Perhaps it’s because FDR rebuilt America by taking on the might of the Wall Street financiers like Rockefeller and JP Morgan, and in words borrowed by Jeremy Corbyn last year, told the people that he “invited their hatred”. When Johnson had a look at the bit in his speech where he would be telling the country to “clap for bankers”, he probably decided it just wouldn’t work.
Or perhaps he realised that once he’d done Churchill and Roosevelt, there is only one of the Big Three left, and when you’ve turned your country’s back on the world and are busy purging your enemies in the bureaucracy, now’s not the time to invite people to make the obvious comparisons.
In recent years, and for no apparent reason, Johnson has promised a bridge to Ireland and a bridge to France.
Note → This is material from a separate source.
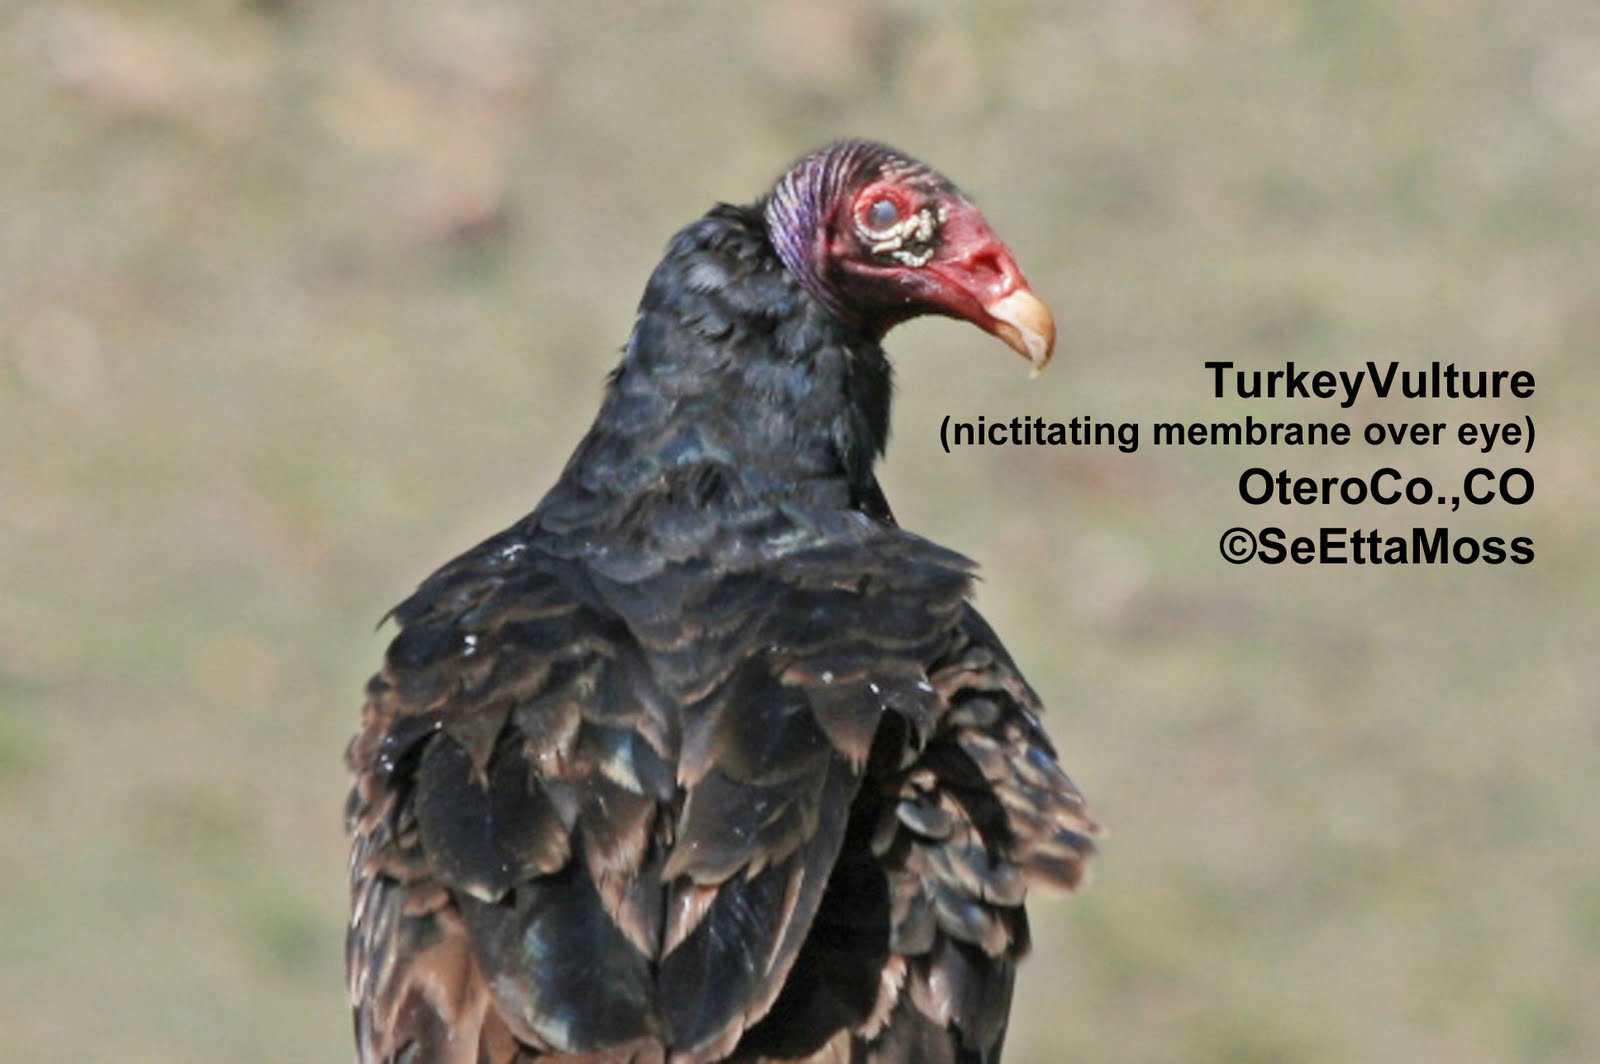 Birds and Nature: Turkey Vulture-too close for visual comfort

But his way out of the pandemic is – here goes – £5bn worth of spending on infrastructure and a shake-up of building planning regulations.
£1.5bn of that £5bn, by the way, is to spend on schools, which is itself £5.5bn short of the sum the National Audit Office has said would be needed. But who knows, maybe £1.5bn will cover it, now that no one, least of all the prime minister, has a clue about how to get pupils back into them.
If really big, really bold ideas are required, perhaps Johnson might challenge someone to construct a bridge between what his government says and what it actually does. Obviously, the doomsters and the gloomsters will say it cannot be done, that such a feat of engineering lies outside the boundaries of the fundamental forces of physics. And they will, of course, be right.
Fortunately for said TV news producer, Johnson was done in time for them to cut to the House of Commons, where Theresa May pointed out to Michael Gove that on Saturday he had stood up, in public, and in a speech setting the pretext for him to smash up the civil service said the following words: “We must be able to promote those with proven expertise.” And then, 24 hours later, they forced out the national security advisor and replaced him with one of their mates, with no expertise in the area at all.
It is hard to choose which is worse, in the current times. Saying one thing knowing your intention is to do the exact opposite, an activity traditionally abbreviated to “lying”. Or saying something and then doing nothing. It is hard to say that either came as unexpected.
As it happens, while Johnson spoke, the rolling news captions concealed the spot where the exhaust pipe would have been fitted. Either that, or the effluent had been diverted directly into the prime minister, to be flushed out when he opened his mouth.
Still, the voters chose to plumb their hopes and dreams into this, the greatest political wastewater system ever constructed. No one can say they weren’t warned. Whatever you flush down a toilet, it all ends up in the same place.